Picaretas do regime de exceção dão palestra em centro acadêmico nos EUA

20 de abril de 2018

Via O Cafezinho em 18/4/2018

Em plena segunda-feira de trabalho, um ministro do STF, a procuradora-geral da República, e dois juízes que, supostamente, comandam a “maior operação contra corrupção do mundo”, estavam nos Estados Unidos, num seminário estudantil organizado pela filha do ministro do STF convidado…

Quer dizer, seminário estudantil, mas repleto de patrocínios privados, cujos organizadores ganham um bom dinheiro!
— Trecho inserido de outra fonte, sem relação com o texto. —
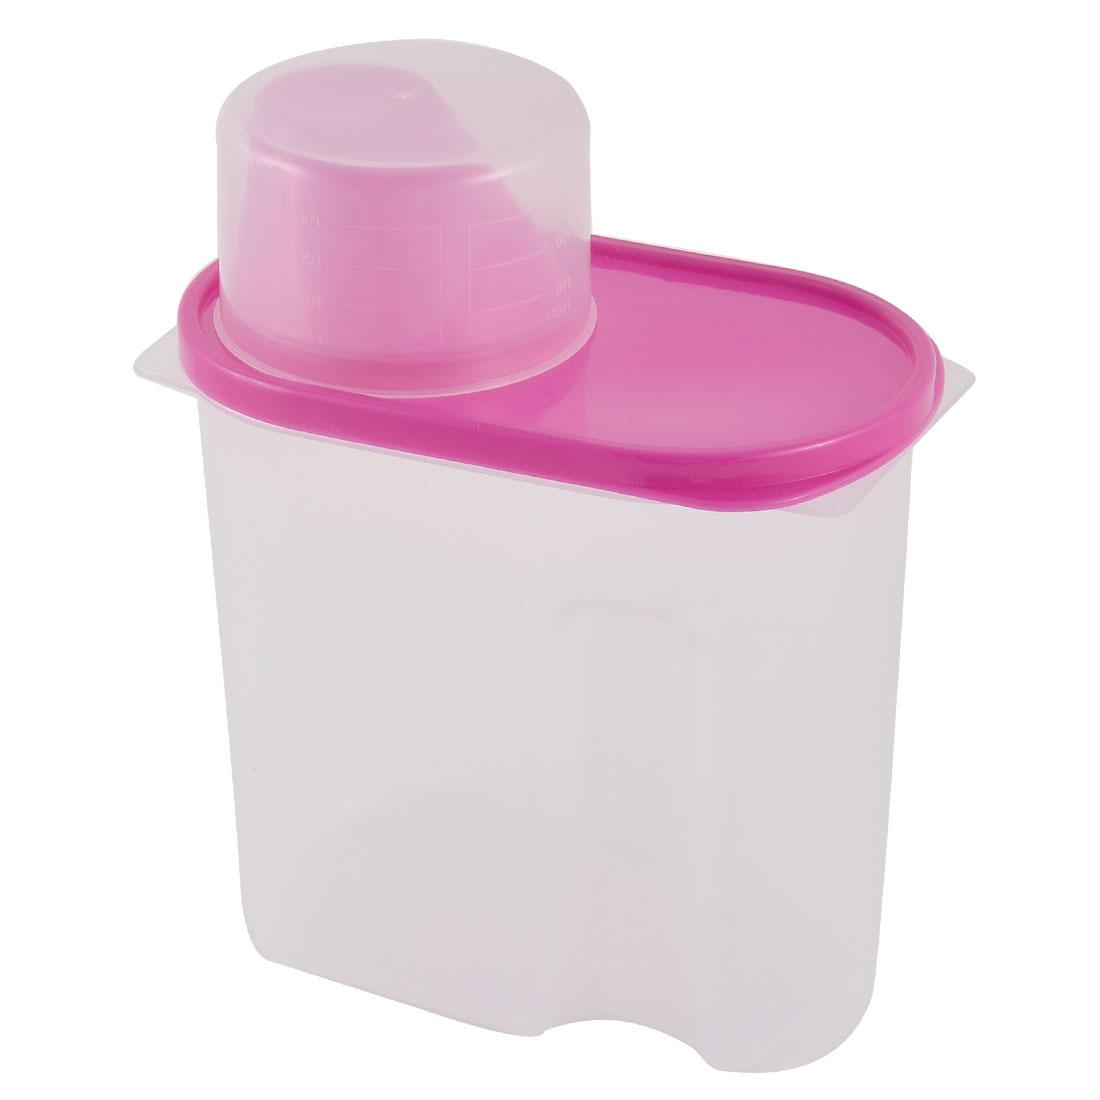 Household Kitchenware Plastic Food Storage Box Airtight Seal Holder Fuchsia
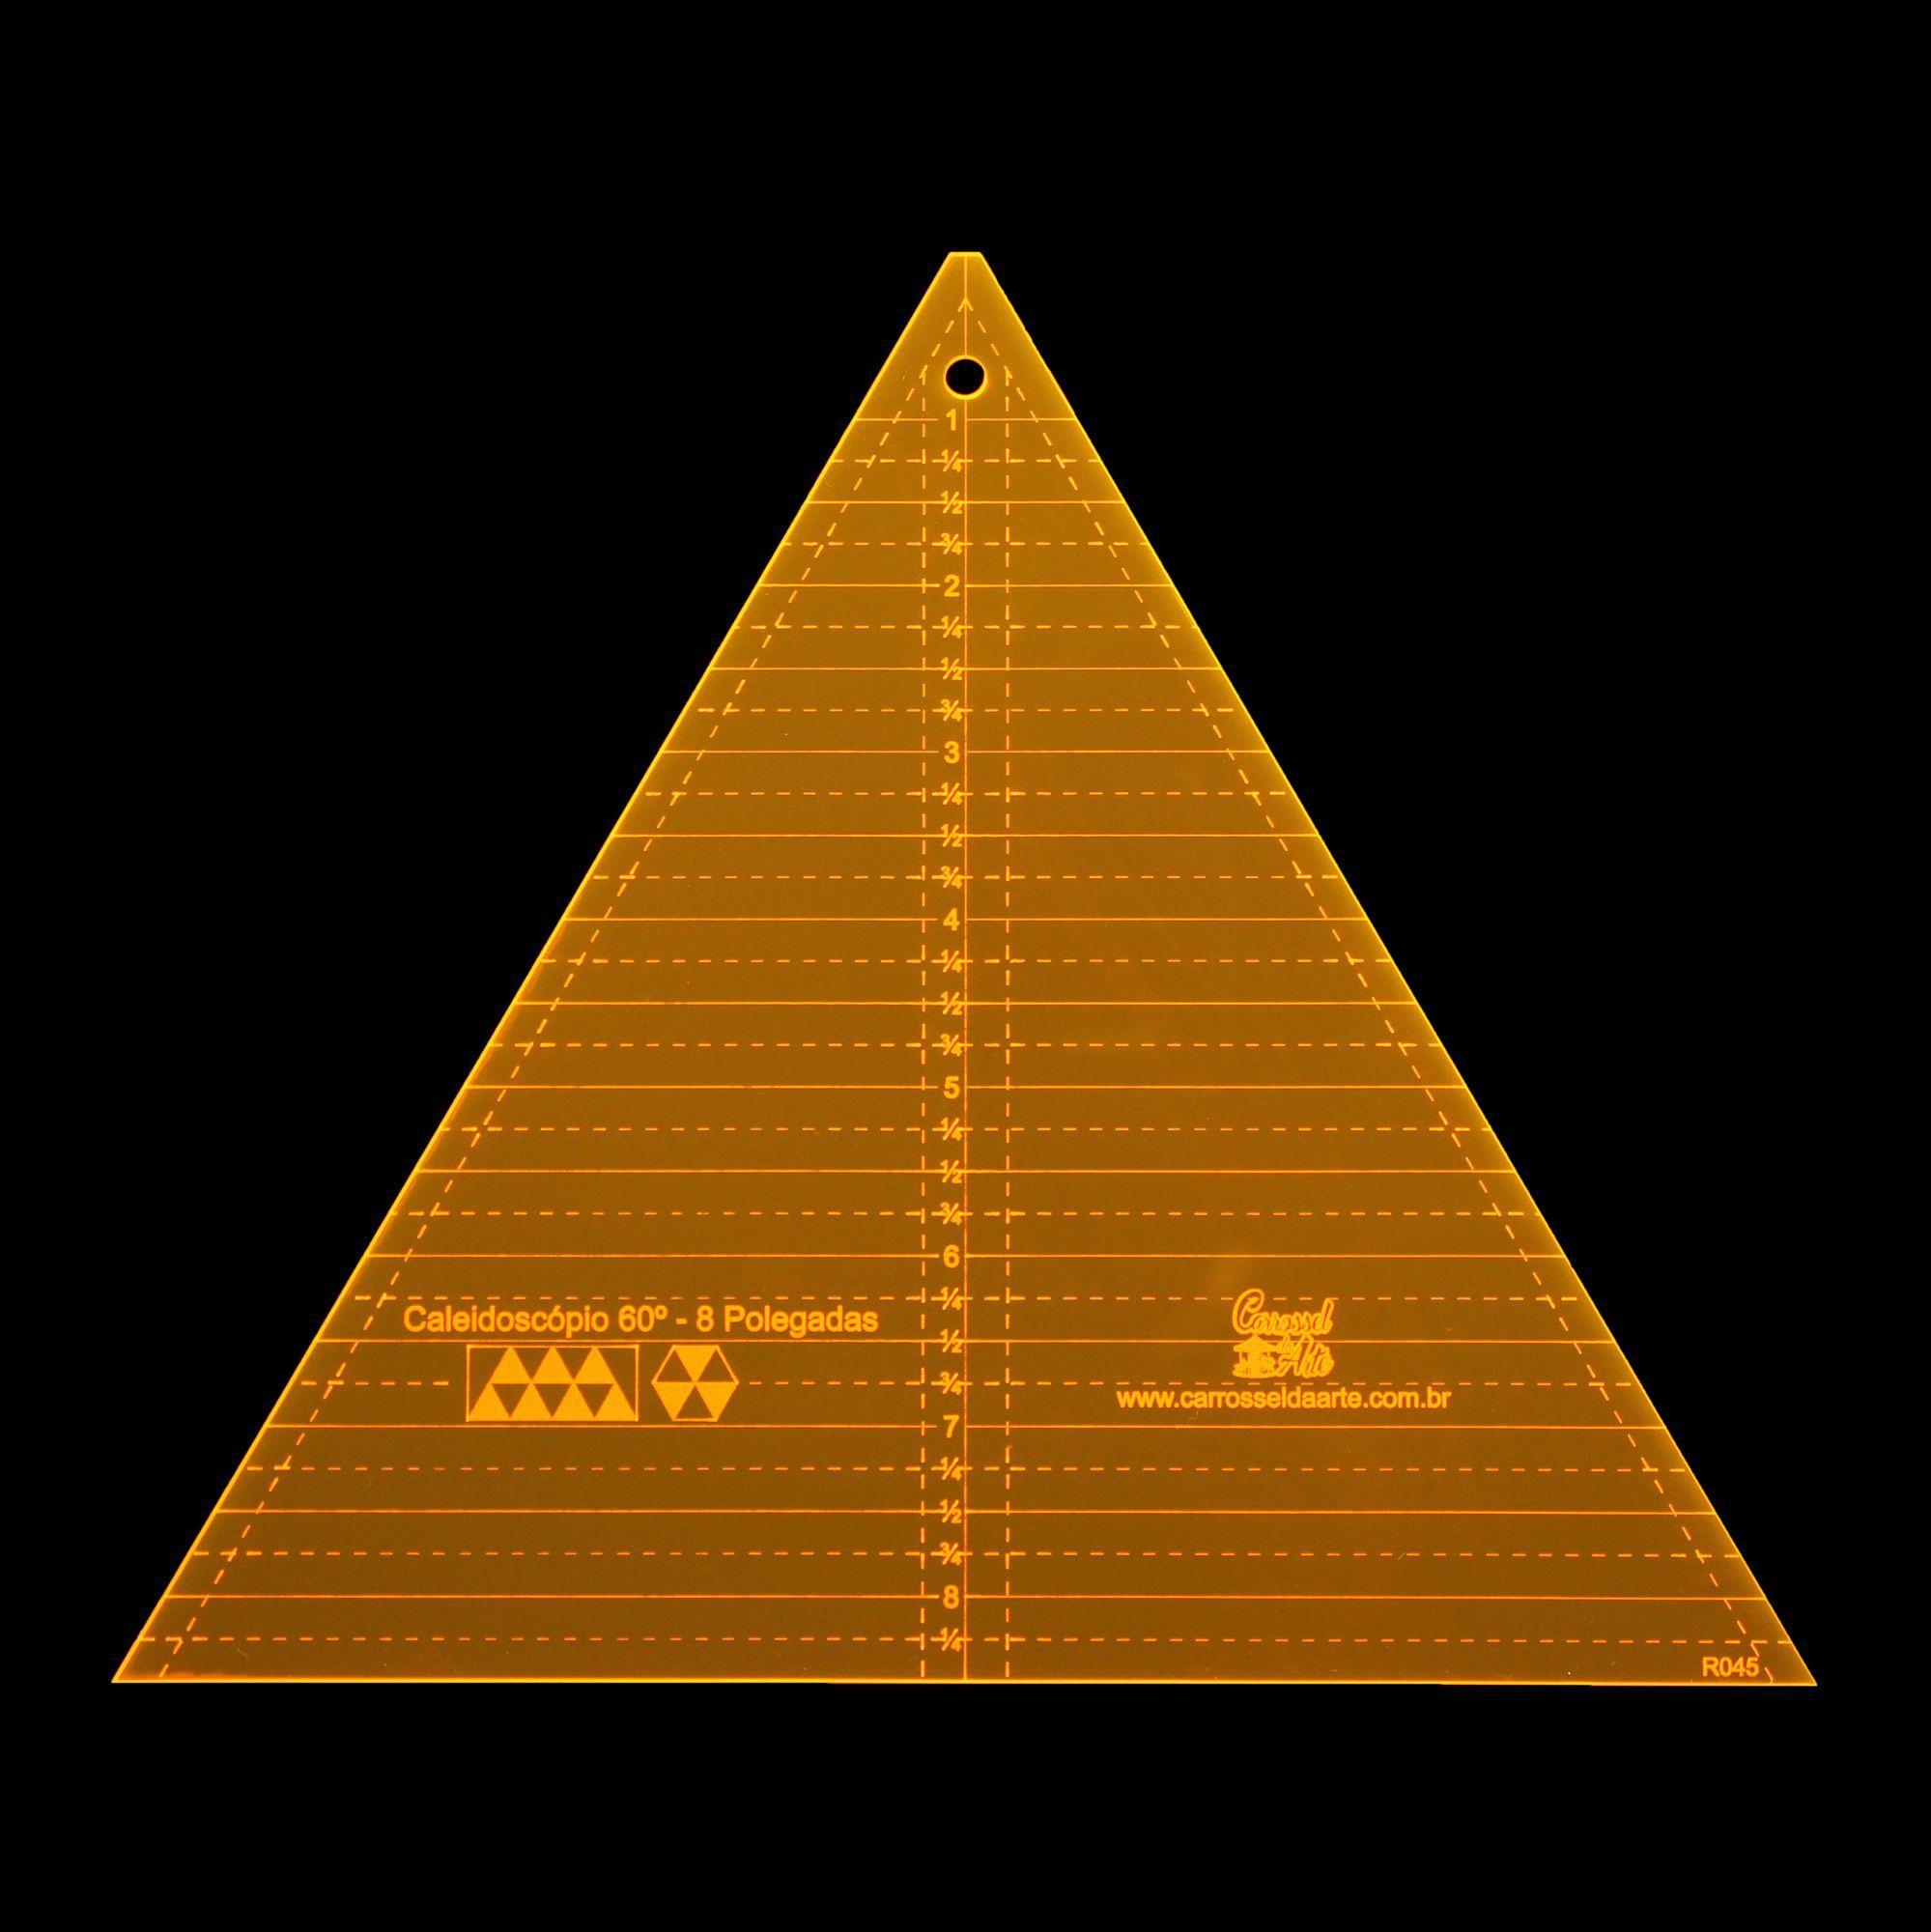 Régua para Patchwork Caleidoscópio 60° - 8 Pétalas - Polegadas

Dallagnol já passou pelo centro acadêmico também, em abril deste ano.

É muita bananice, pelo amor de Deus!

Ao mesmo tempo, é tão emblemático! Os picaretas símbolo do regime de exceção, esse arremedo patético e sinistro da ditadura militar, viajando juntinhos, às nossas custas, para um seminário de centro acadêmico nos Estados Unidos!

E a imprensa no Brasil, mentirosa como de praxe, dando notícia de um grande evento em Harvard!

O juiz Marcelo Bretas, que acumula dois auxílio-moradia, apesar de ter quase 7 milhões em imóveis no Rio de Janeiro (fora os de sua família), foi falar sobre “combate à corrupção”.

Não foi perguntado sobre sua sentença nazista contra o almirante Othon Pinheiro, o cientista nuclear brasileiro octagenário condenado (sem provas) a 40 anos de prisão, cuja pena foi ampliada em cinco anos por causa (sic) de seus “bons antecedentes”.

Estava lá Sérgio Moro, que condenou Lula sem provas. Tanto os alegres participantes do Seminário, como o juiz, parecem ignorar as pesadas críticas que sua sentença recebeu de juristas do mundo inteiro, entre eles Luigi Ferrajoli. A prisão de Lula produziu comoção mundial, inclusive nos EUA. O presidente do maior sindicato industrial dos EUA, Dennis Willians, assinou um protesto fortíssimo, e ao mesmo tempo embasado em críticas juridicamente fundamentadas, que ele mesmo mandou traduzir para o português, contra a sentença de Sérgio Moro. Ou seja, a sentença de Moro virou uma espécie de clássico da indigência jurídica desse momento sombrio vivido pelo Brasil.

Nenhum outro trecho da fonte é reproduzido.